Task instructions: When you copy the material below, keep every line exact and leave each picture out.

Given material:
+ + +
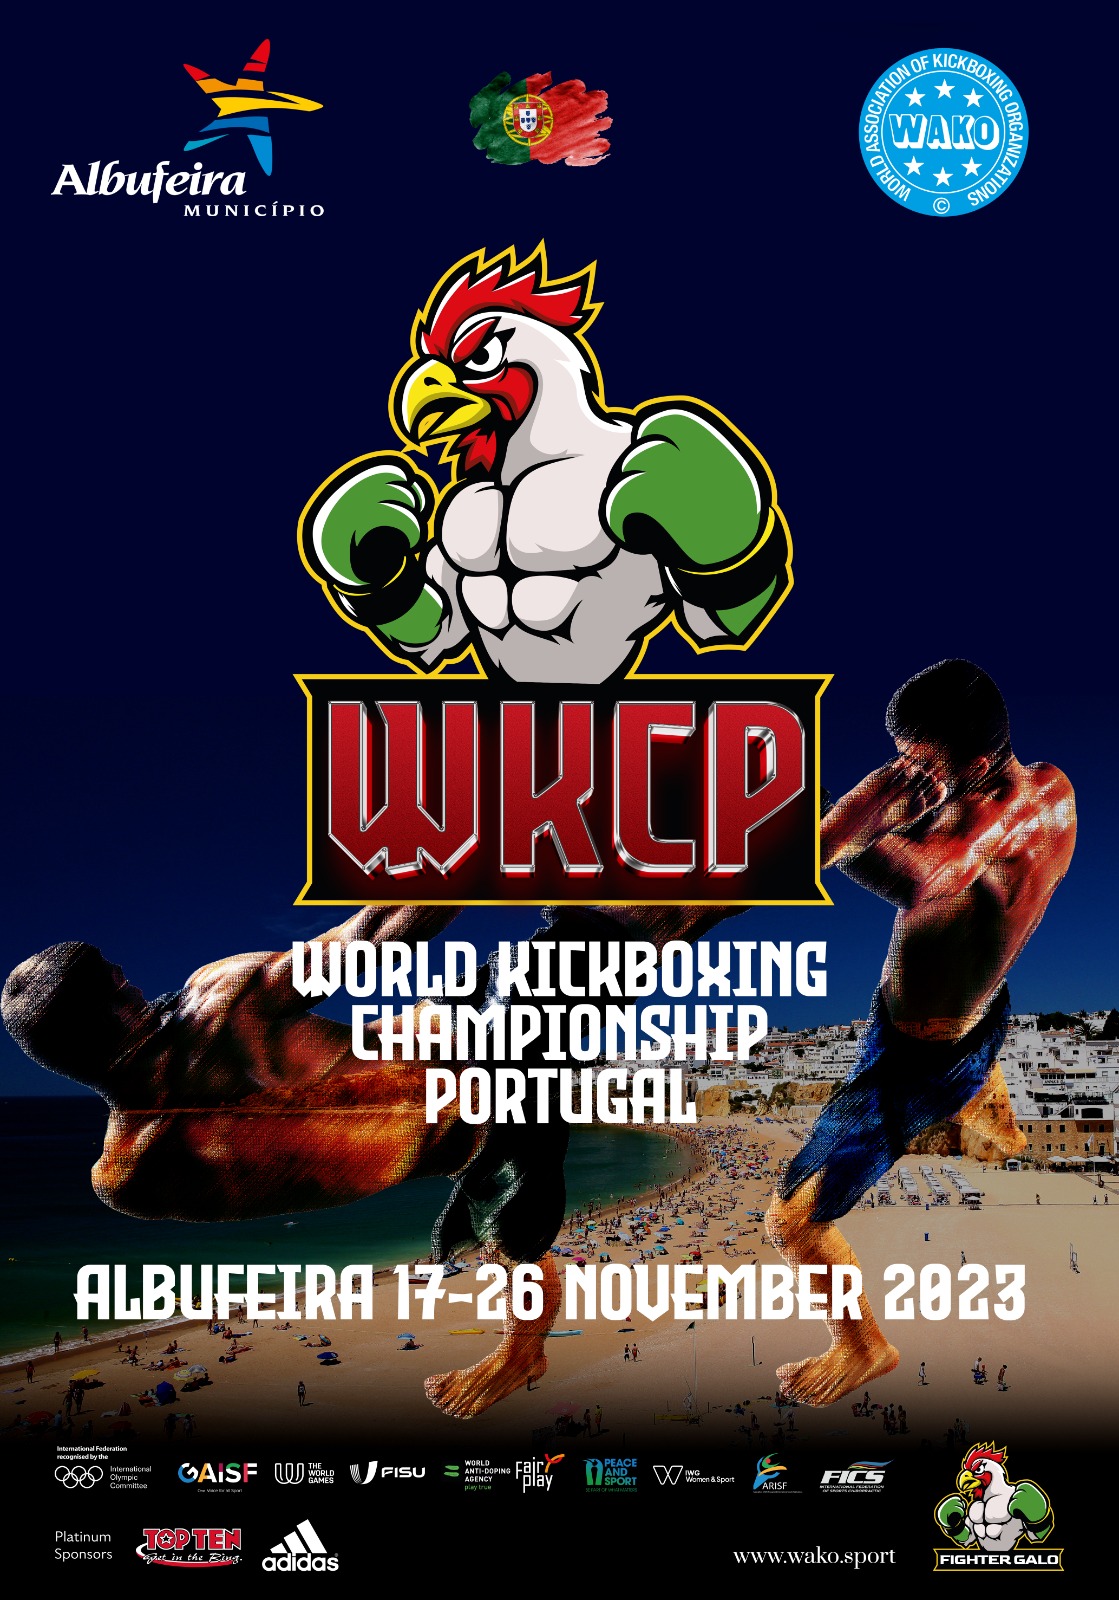 Wako - World Association of Kickboxing Organizations
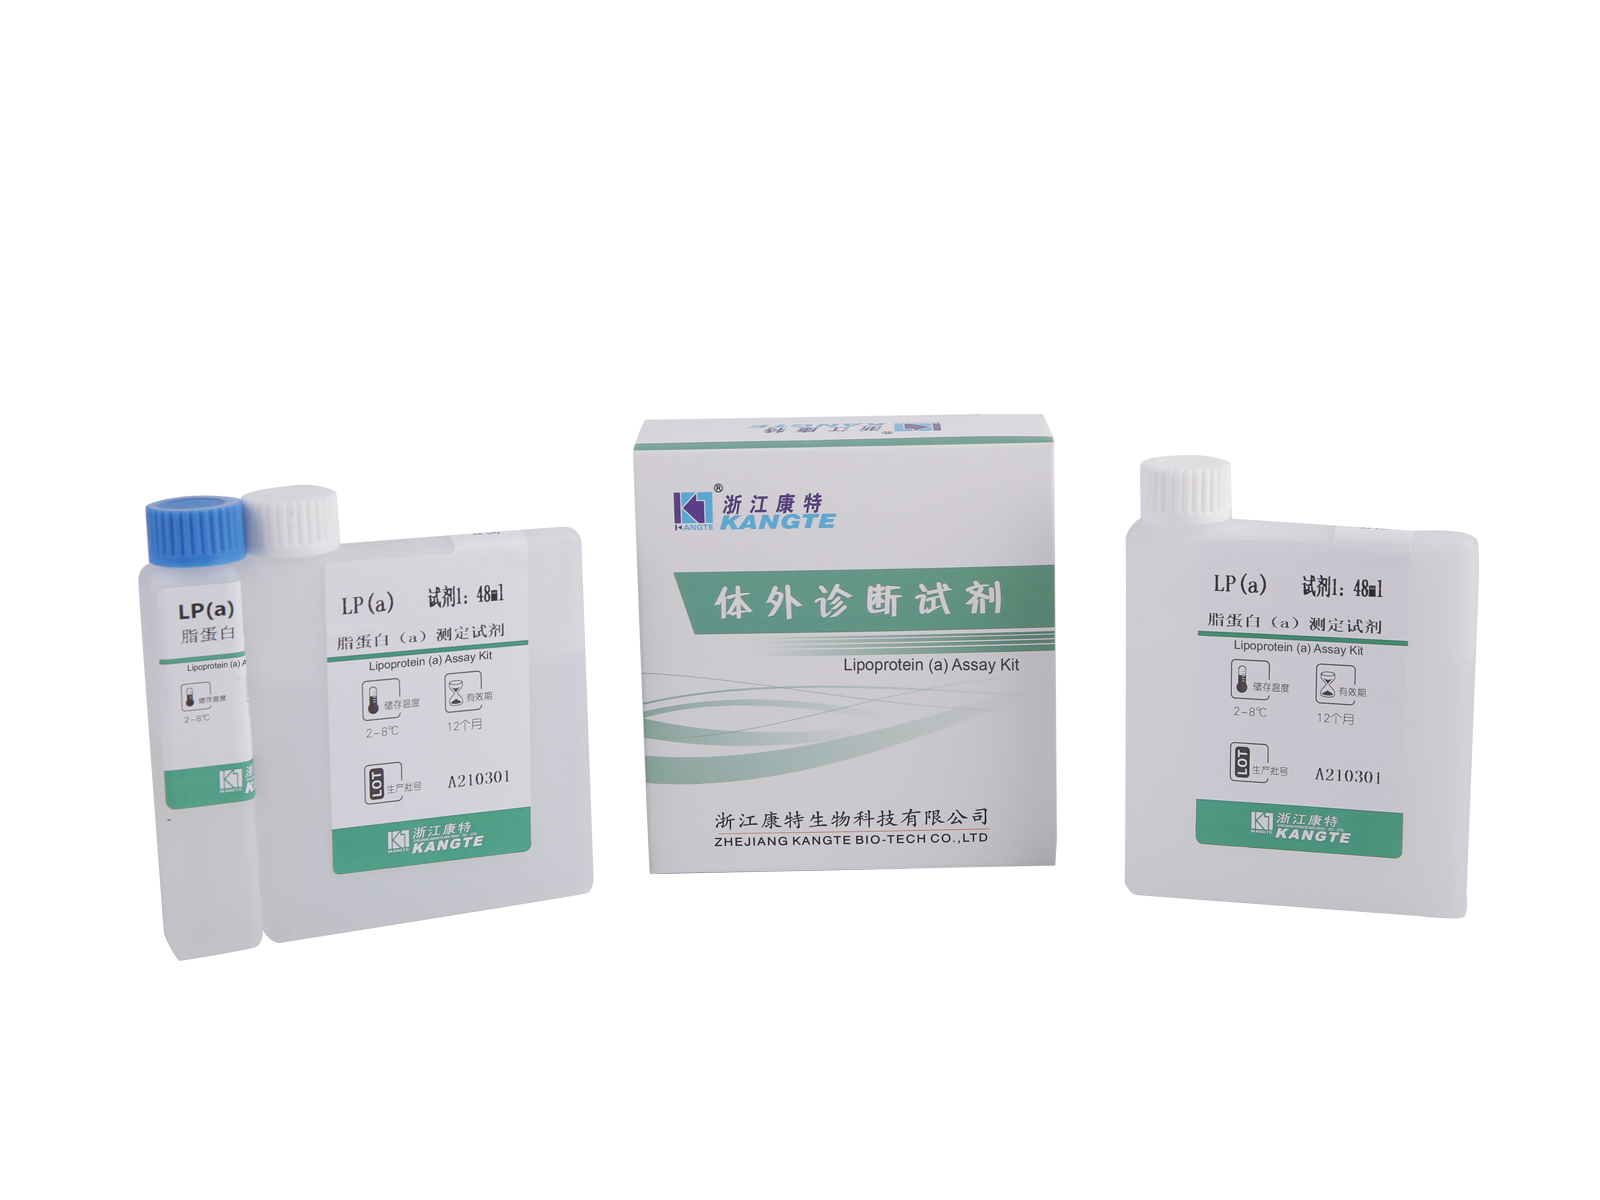 【LP(a)】 Lipoprotein (a) Assay Kit (latexförstärkt immunoturbidimetrisk metod)
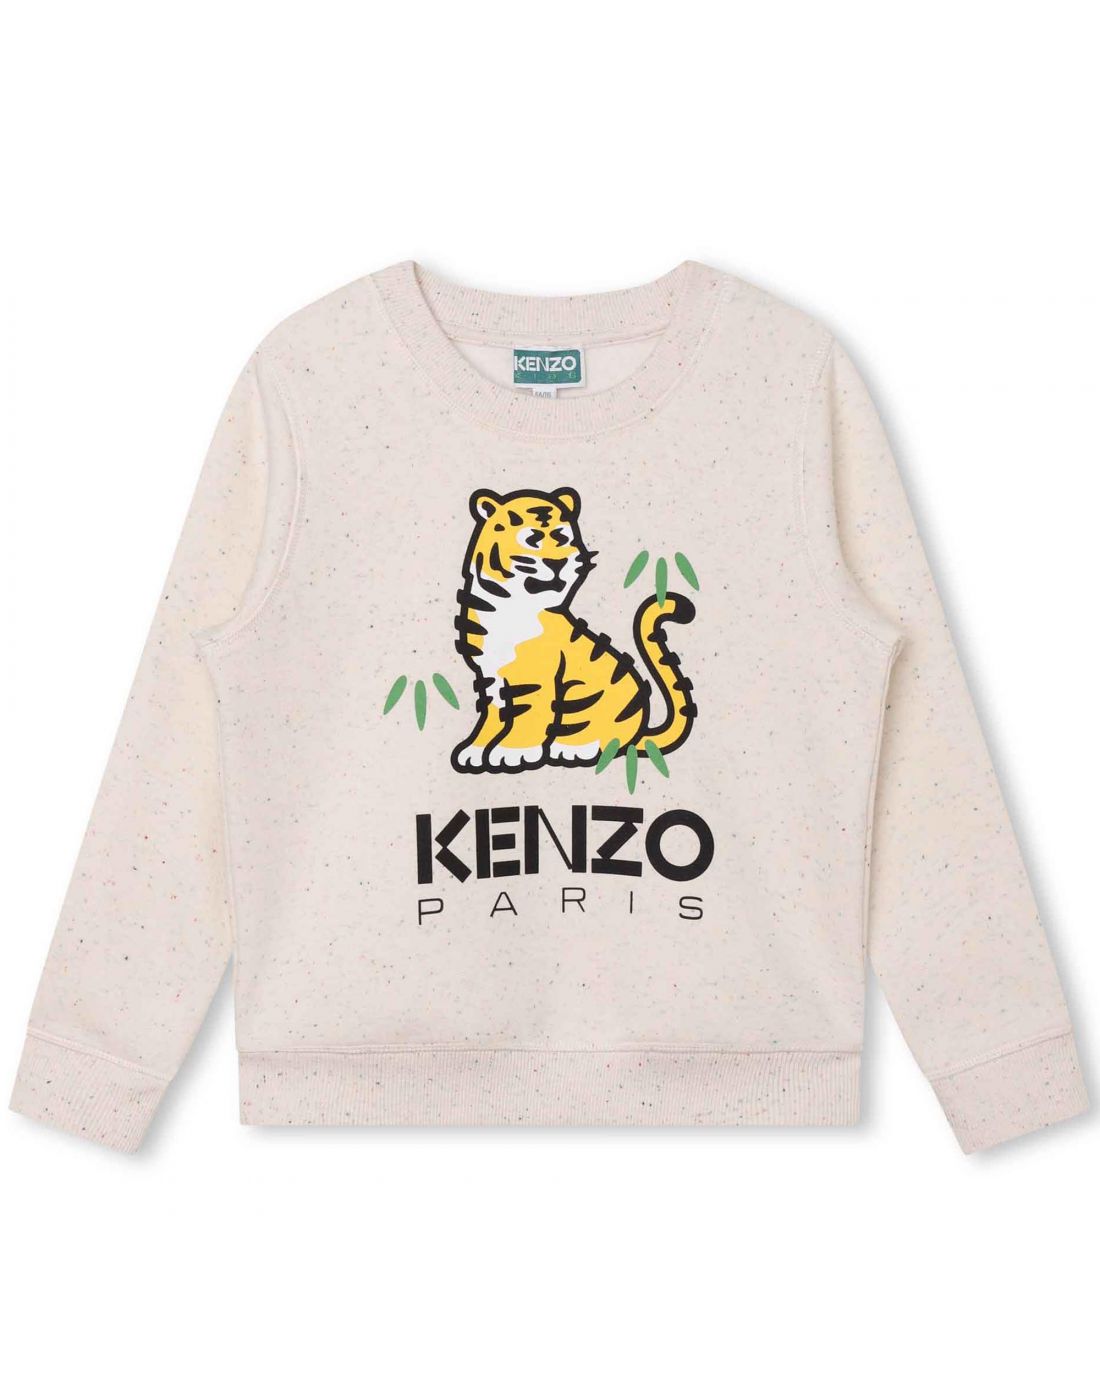 Παιδική Μπλούζα ΜΜ Kenzo, Kenzo, 23262399 | LapinKids.com | LAPIN KIDS
+ + +
Result:
 Wako - World Association of Kickboxing Organizations
 【LP(a)】 Lipoprotein (a) Assay Kit (latexförstärkt immunoturbidimetrisk metod)
 Παιδική Μπλούζα ΜΜ Kenzo, Kenzo, 23262399 | LapinKids.com | LAPIN KIDS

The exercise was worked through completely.